The trader didn’t speak. All Heather needed was a name. From there she could make contact. She could learn about their fight and what her part in it could be. There was nothing they could do to her, she realised. Though they might put her body in a prison, but there was no dungeon they could keep her mind.
“Damn it Wes, give me a name.”
He turned his head to look at her. His face was already beginning to swell and his eyes looked pathetic. She thought of the people in the beds and felt her empathy for the trader melt away. Wes opened his mouth. Just a name, she thought. That’s all I need.
When he spoke, he didn’t give a name. Instead his face took on a look of defeat.
“I don’t know,” he said.
17
Ed
Ed was back in his house, hearing the wind whistle through the cavities. They were in his dad’s old bedroom this time, one of only a handful of times Ed had been in it since he’d died. Bethelyn stood at the window and stared out onto a Golgoth covered by darkness. Ed opened the drawers of his father’s bedside cabinet. He didn’t know what he was looking for; it was just the first time he’d had the courage to spend more than a few seconds in there. It only seemed right that he look at his dad’s things and maybe find a memento to remember the old man by. When he saw what was in the drawer, he laughed.
“What’s so funny?” said Bethelyn.
Ed reached into the drawer and pulled out two candles.
Bethelyn shrugged her shoulders. “I don’t get it.”
“It’s an inside joke. Never mind.”
“Guess we can have some light in here, at least.”
Ed shook his head. “We can’t light them. They might see.”
Bethelyn turned away from him and stared out of the window again.
“Did you just sit in the dark eating cold food before you met me?” she said.
“You make it seem depressing.”
“I’m sure it’s way more fun than it sounds.”
In the distance, toward the village centre near the town hall, was the orange glow of lamps. In the darkness they couldn’t see the figures of those who carried the lamps, so it seemed like a parade of ghosts lit their way across the village.
“Who are they?” said Ed. The strangers had diverted the attention of the infected, but Ed and Bethelyn hadn’t stayed around long enough to find out who they were.

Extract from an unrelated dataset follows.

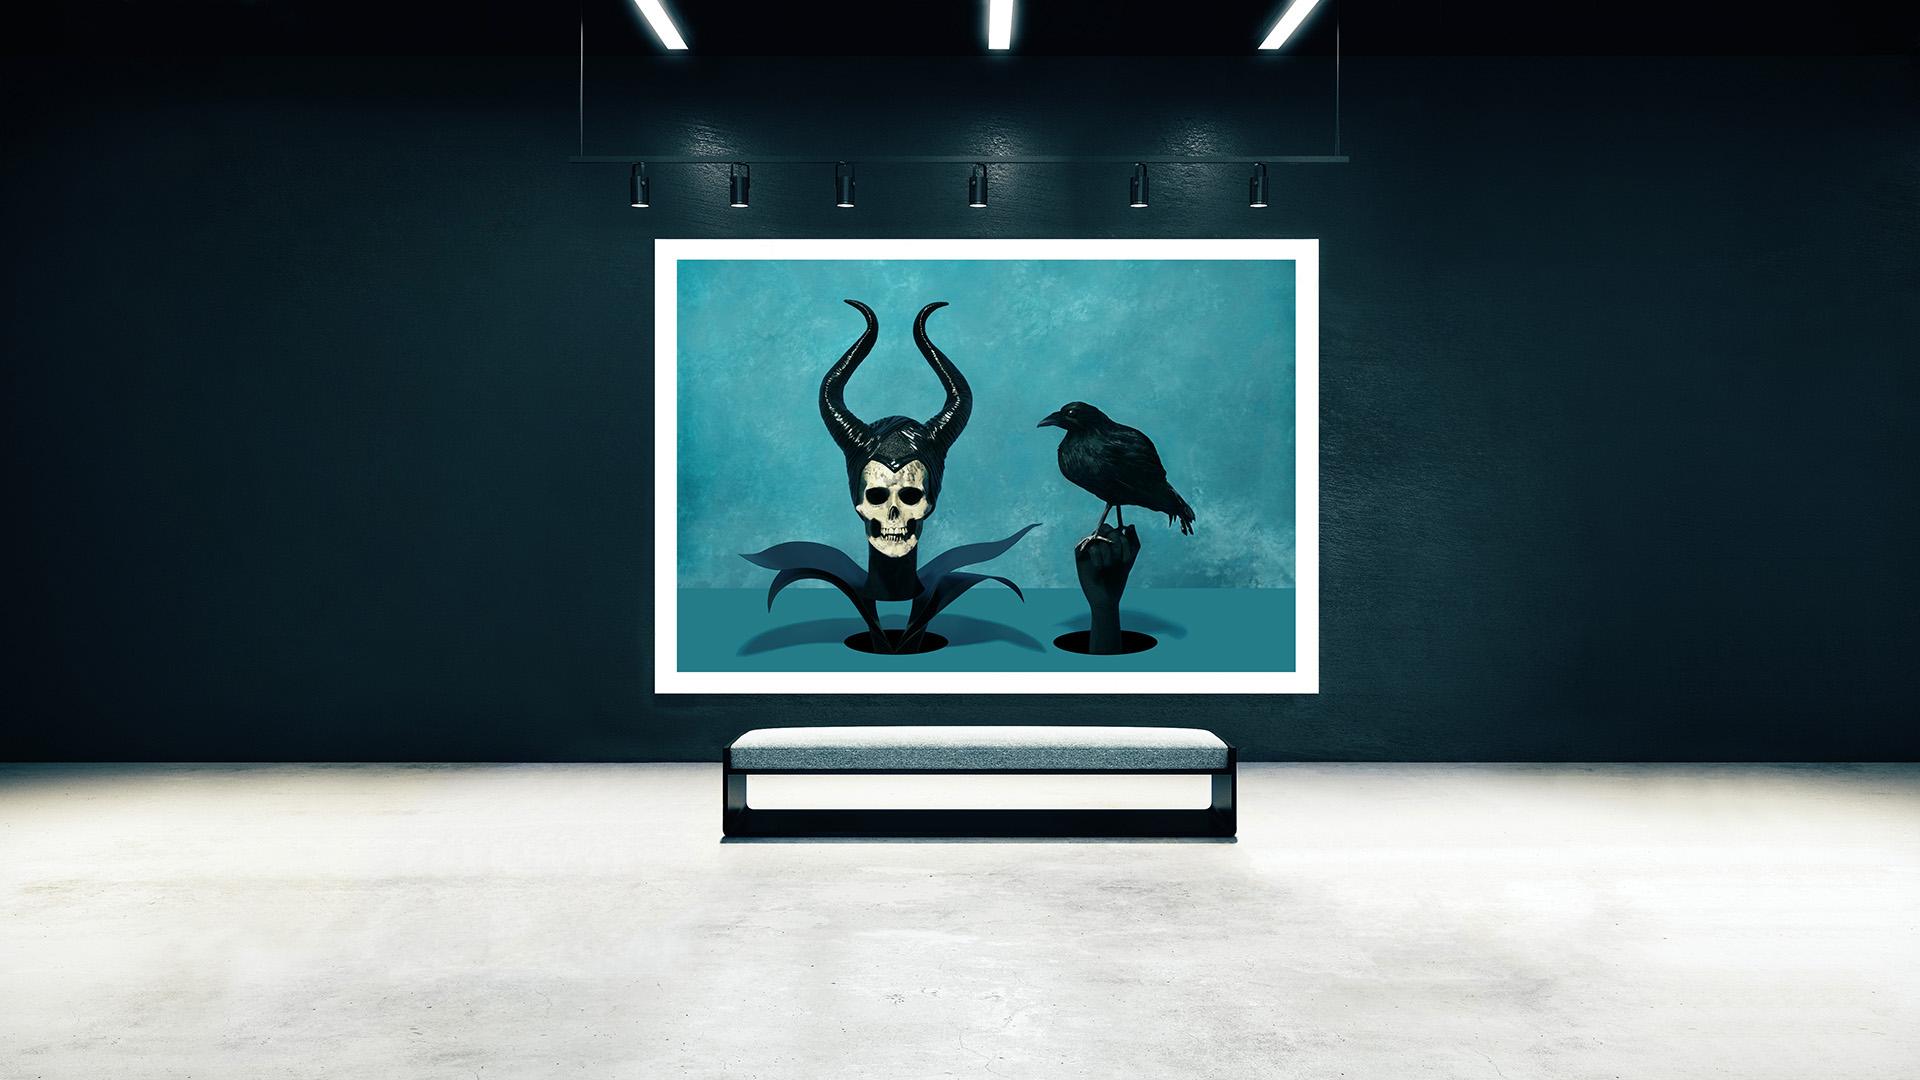 Exposicion-Sintora-Memento-mori-bruja-malefica-cuervo-Horno-Art-Virtual-Gallery-galeria-arte-fotografia-artistica-decorativa

“Never seen them before in my life.”
Golgoth looked so quiet that it seemed only right that they whisper even indoors. It seemed like the whole island was under a spell of silence and that untold horror would be
visited upon anyone who broke it. In reality, Ed knew that if he stepped outside now he’d hear the crashing of the tide as it beat against the island and the groaning of the wind.
“I knew I saw a ship out there,” he said.
“Maybe we should go speak to them.”
Bethelyn’s voice was monotone, as though minute by minute her energy was leaving her. She looked away from Ed now, but for the last few hours it seemed that even when her face pointed at his, her eyes looked straight through him.
“They aren’t friendly,” said Ed.
“How do you know?”
“I just know.”
He thought of the masked men. Their appearance on the island had given Ed and Bethelyn a chance to escape, but something told Ed that they needed to run away from the strangers just as much as the infected. Seeing them had confirmed one thing to him though. Their masks were a nod of approval toward his theory about the virus.